Au sein du spectre autistique, il existe une énorme hétérogénéité concernant l'implication des facteurs génétiques dans le développement de l'autisme, le tableau clinique, les résultats et le pronostic. L'étiologie de l'autisme est très complexe et influencée par de nombreux facteurs. Dans la plupart des cas, l'autisme ne peut être lié à aucune condition d'étiologie connue, et on parle alors d'autisme idiopathique. Nous utilisons le terme d'autisme syndromique lorsque l'autisme est associé à une affection d'étiologie connue, comme un chromosome X fragile, une sclérose tubéreuse ou le syndrome de Down. Le risque que le frère ou la soeur d'un enfant atteint d'autisme idiopathique soit atteint d'autisme en soi varie de 3 à 10 %, et si un phénotype autistique plus large est observé, le risque s'élève alors à plus de 18 % (Ozonoff et al., 2011). Les tests génétiques n'indiquent pas un modèle unique d'hérédité dans l'autisme. Si, dans certains cas, l'autisme s'accompagne de conditions monogéniques, diverses formes d'hérédité polygénique sont également signalées.
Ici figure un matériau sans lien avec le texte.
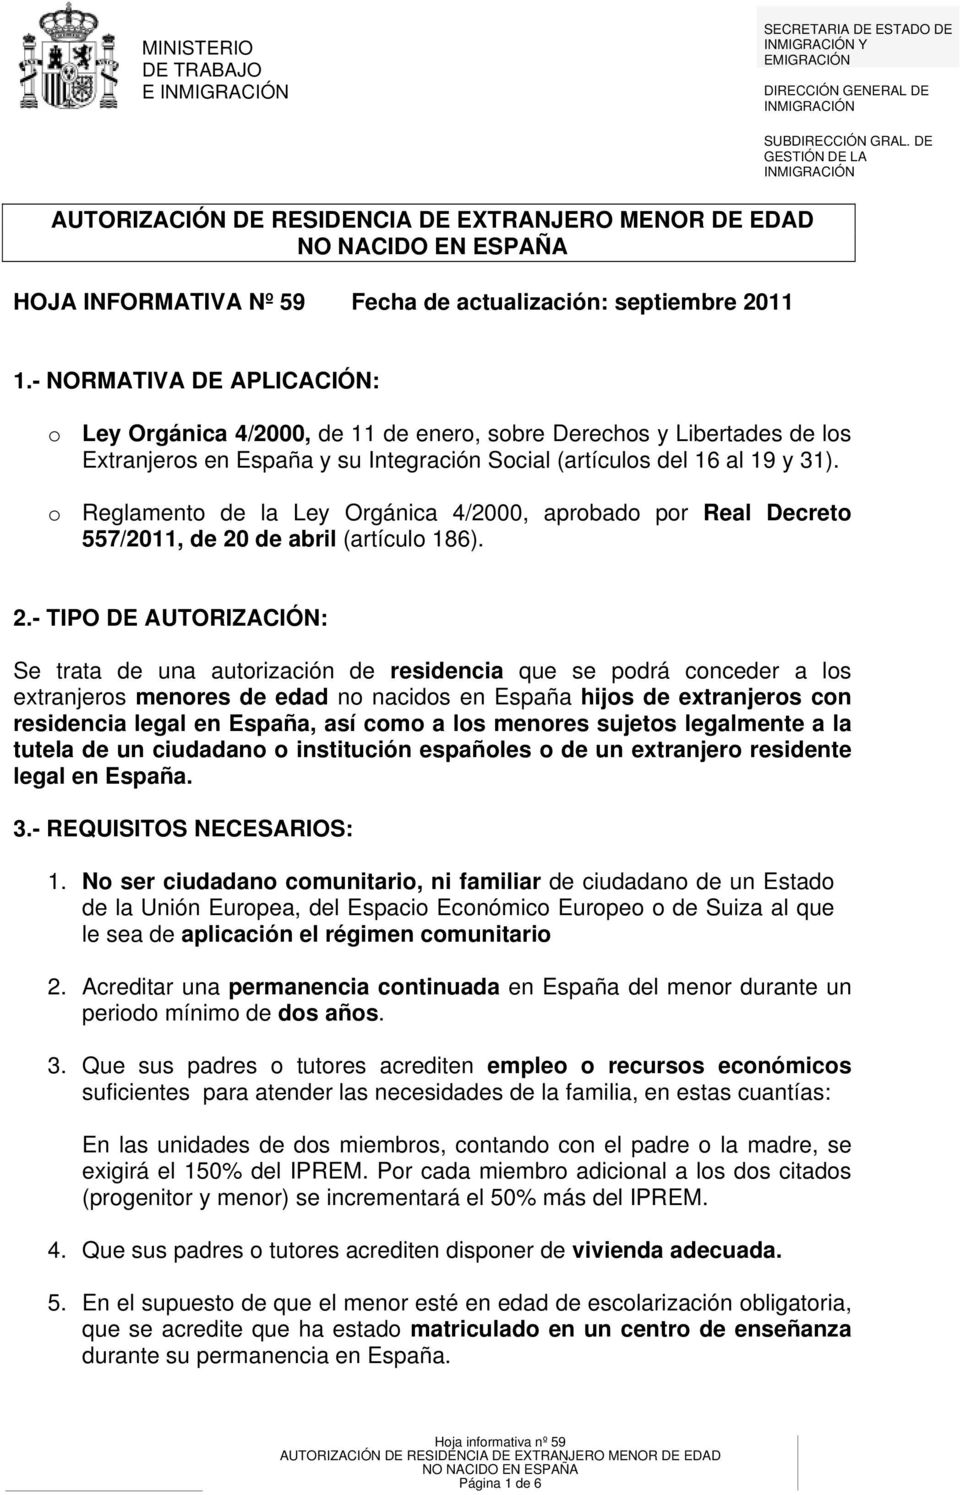 - NORMATIVA DE APLICACIÓN: o Ley Orgánica 4/2000, de 11 de enero, sobre Derechos y Libertades de los Extranjeros en España y su Integración Social (artículos del 16 al 19 y 31).

La recherche indique également un certain rôle des mutations de novo, ainsi que l'importance possible des facteurs épigénétiques. Les mécanismes épigénétiques sont des modifications biochimiques de l'ADN ou des histones qui ne modifient pas les séquences d'ADN, mais affectent uniquement l'expression des gènes. Différents facteurs étiologiques peuvent entraîner l'apparition de manifestations phénotypiques identiques ou similaires (Hervás, 2016).